AbortionTue Sep 6, 2011 - 8:00 pm EST
Appeals court upholds critical portions of South Dakota informed consent law
ST. PAUL, Minnesota, September 6, 2011 (LifeSiteNews.com) - The U.S. Court of Appeals for the 8th Circuit on Friday upheld the majority of South Dakota’s informed consent law, including a requirement that doctors inform pregnant women that they have “an existing relationship” with an “unborn human being.” A lower court ruling had struck down that provision because the judge concluded that preborn children are not “persons.”
Harold Cassidy, an attorney affiliated with the Alliance Defense Fund, filed the appeal to the 8th Circuit on behalf of a group of pregnancy centers that successfully intervened in the suit to protect the interest of women.
The Family Research Council, CareNet, Heartbeat International, and the National Institute of Family and Life Advocates filed an amicus brief last year asking the court to reject Planned Parenthood’s attempt to block portions of the law.
ADF Senior Counsel Steven H. Aden said the court was right to uphold informing women of “an undisputed biological fact.”
“A child’s life is worth more than Planned Parenthood’s bottom line,” said Aden. “Planned Parenthood and other proponents of death work diligently to restrict the information mothers have about abortion and the life within them.”
In 2005, the South Dakota Legislature passed House Bill 1166, which revised state law to require that women be given critical biological, relationship, and medical information before undergoing an abortion. Planned Parenthood, the operator of the state’s only abortion clinic, filed the suit Planned Parenthood v. Rounds to block implementation of the law. After the 8th Circuit lifted a lower court injunction against the law, it was returned to federal district court.
In August 2009, a district court judge ruled that portions of the law requiring doctors to inform women contemplating abortion that they are terminating a human life are constitutional, but she also ruled that other portions requiring doctors to tell women of their legally protected relationship with the preborn child and warning them of the documented risks of depression and suicide from abortion were unconstitutional.
The 8th Circuit reversed her decision concerning the “protected relationship” provision, and only narrowly upheld the judge’s decision with regard to the “risk of suicide” provision.
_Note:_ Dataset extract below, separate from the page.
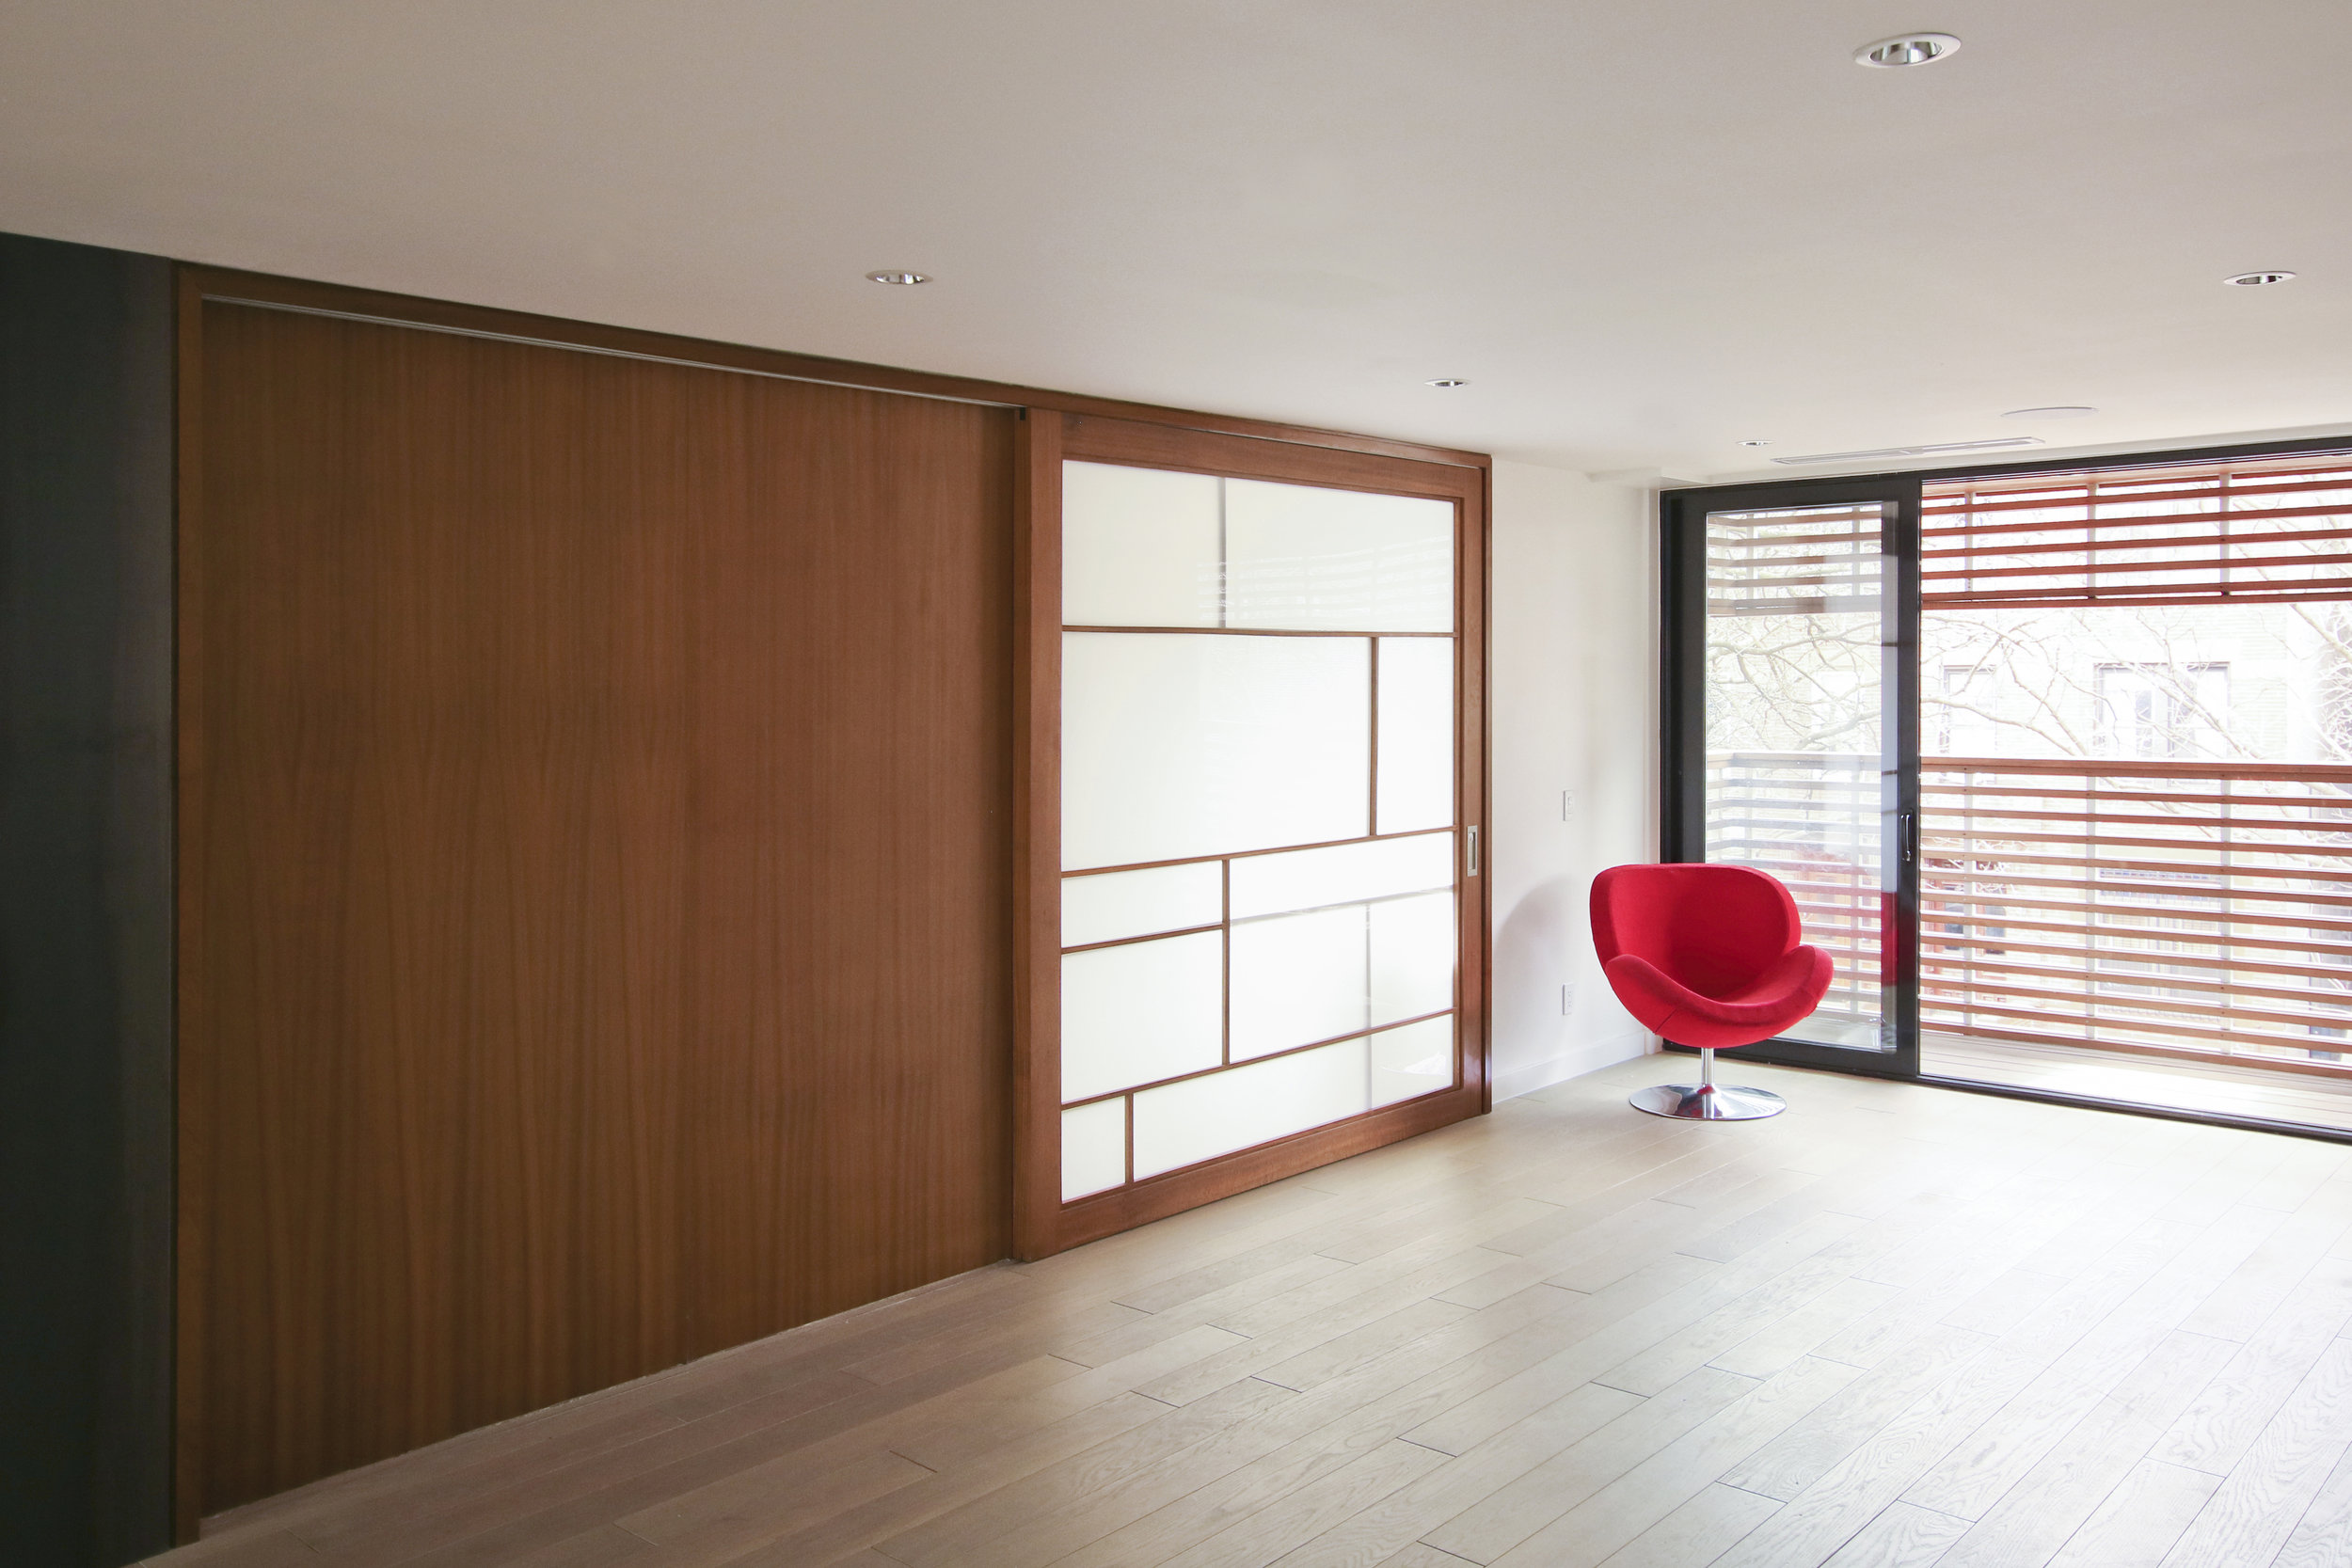 res4-resoltuion-4-architecture-modern-brownstone-home-renovation-interior-sliding-door.jpg

Arguing that the “risk of suicide” provision should have been upheld, Circuit Judge Raymond Gruender wrote in dissent that “even the evidence relied upon by Planned Parenthood acknowledges a significant, known statistical correlation between abortion and suicide. This well-documented statistical correlation is sufficient to support the required disclosure that abortion presents an ‘increased risk’ of suicide, as that term is used in the relevant medical literature.”
He noted that Planned Parenthood did not challenge the documented risks of depression.